Klaus’un hayatını belki de iki döneme ayırmak mümkündür: Hayley Marshall’dan öncesi ve sonrası.

Tek gecelik bir ilişkinin ardından bu kadının onun çocuğunun annesi olacak olması Klaus Mikaelson için bir dönüm noktasıdır. O zamana kadarki tüm yaptıklarını geride bırakıp New Orleans şehrinde bir yuva kurma isteğini görürüz. Bu isteği onu bir zamanlar büyüttüğü Marcel ile karşılaştırır ve biz böylelikle Klaus’un baba tarafını görmeye başlarız.

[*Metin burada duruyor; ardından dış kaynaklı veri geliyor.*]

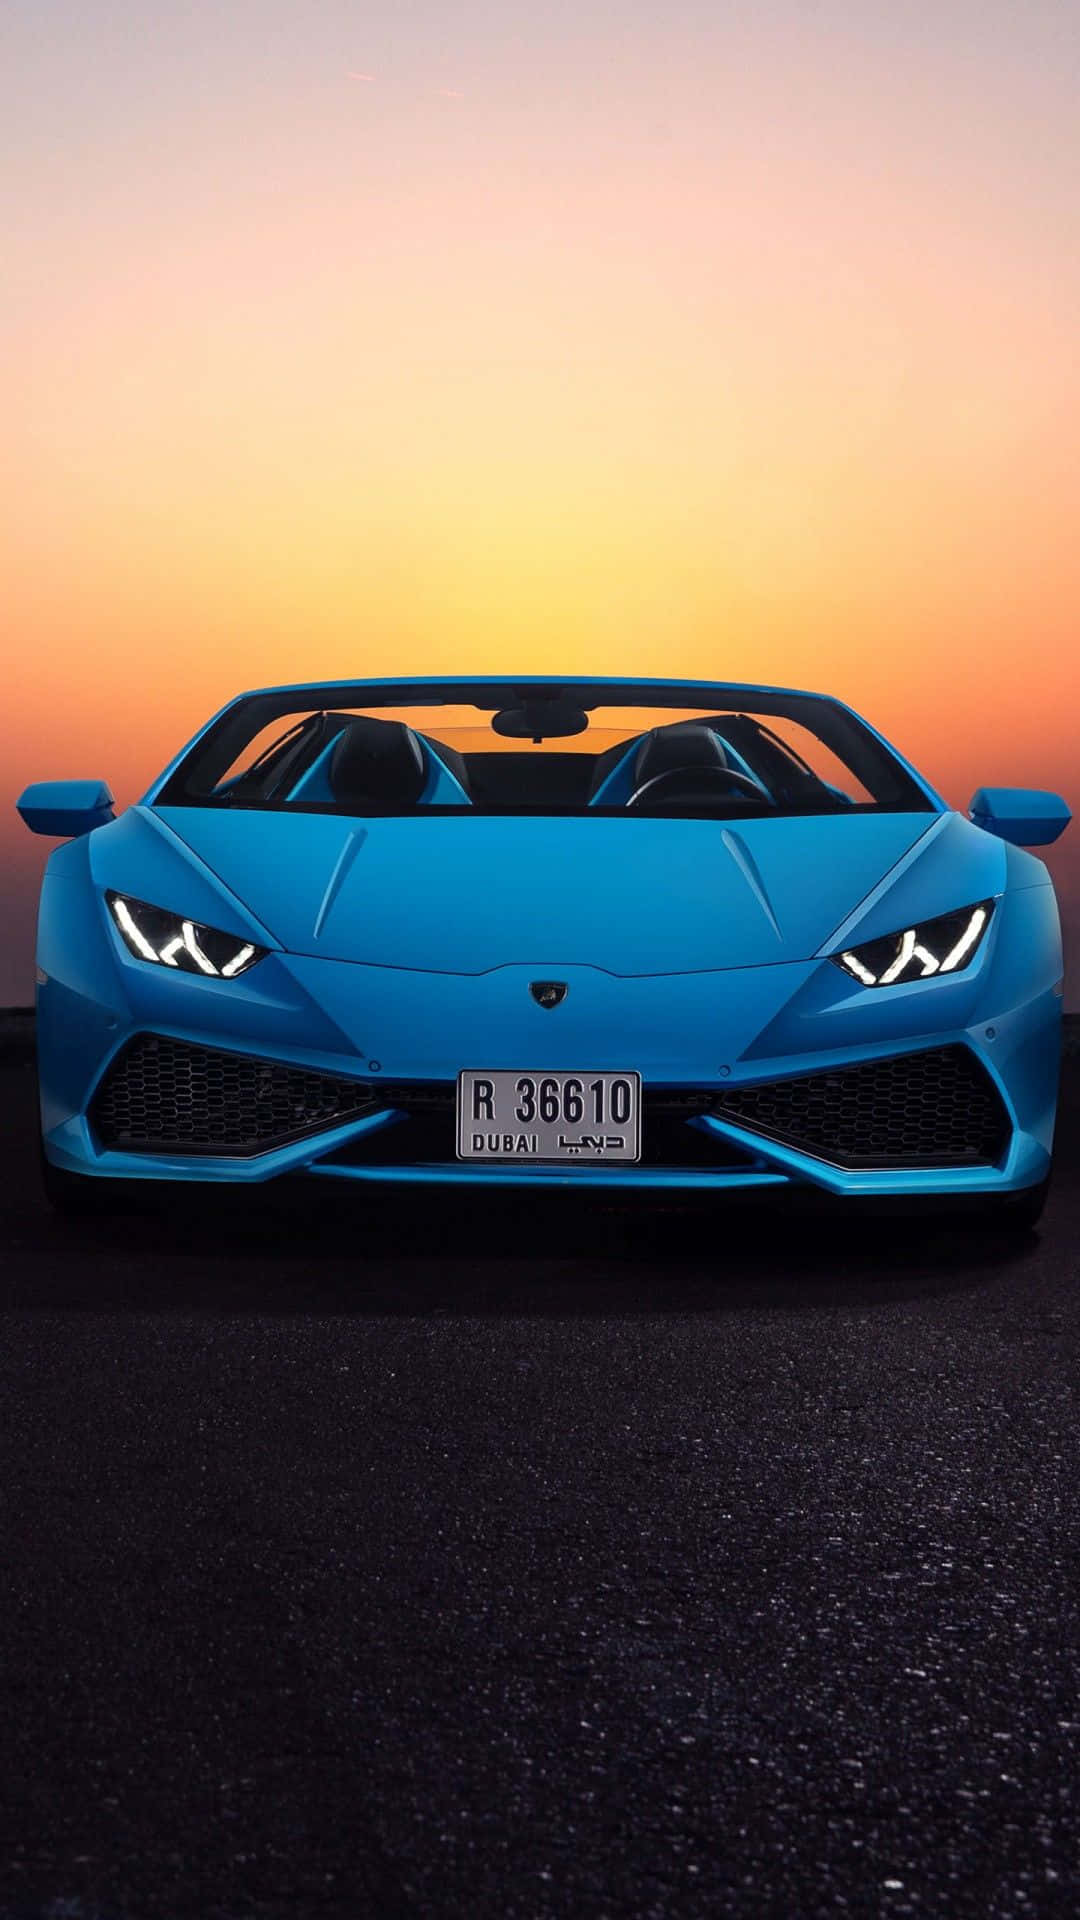 Preparatia Fare Una Crociera Di Lusso Con Questa Affascinante Lamborghini Blu! Sfondo

Klaus babası gibi olmaz istemez. Klaus iyi bir babadır ve ailesine karşı cellat değildir.

Doğacak kızı Hope Andrea için tüm hayatını feda edişi ve göze aldıkları Klaus Mikaelson’un aslında ne kadar fedakar olduğu gerçeğini sunar bize. O zamana kadar sadece bencil ve paranoyak olarak izlediğimiz karakter, artık olgunlaşmış ve çocuğu için değişmiştir.

Belki de her zaman öyleydi. İhtiyacı olan tek şey biraz iknaydı.

Klaus Mikaelson kısaca bize bir serüven sunar. Bir insanın kötü ve iyi, saygılı ama asi, psikopat ve masum, fedakar ama acımasız huylarını tek bir kişide görme imkanını verir. Onu ilk izlemeye başladığımda kendi çıkarları için onlarca insanı gözden çıkaran kötü karakterken, son sahnesinde çocuğu için hayatını feda eden bir babaya dönüştü.

Kendisi karakter gelişimini görmeyi en sevdiğim kişilerden birisi haline geldi ve Klaus gerçekten benimle birlikte birçok kişi için de apayrı bir yerde… Söyleyeceklerim bu kadar, umarım Klaus’tan hoşlanmışsınızdır.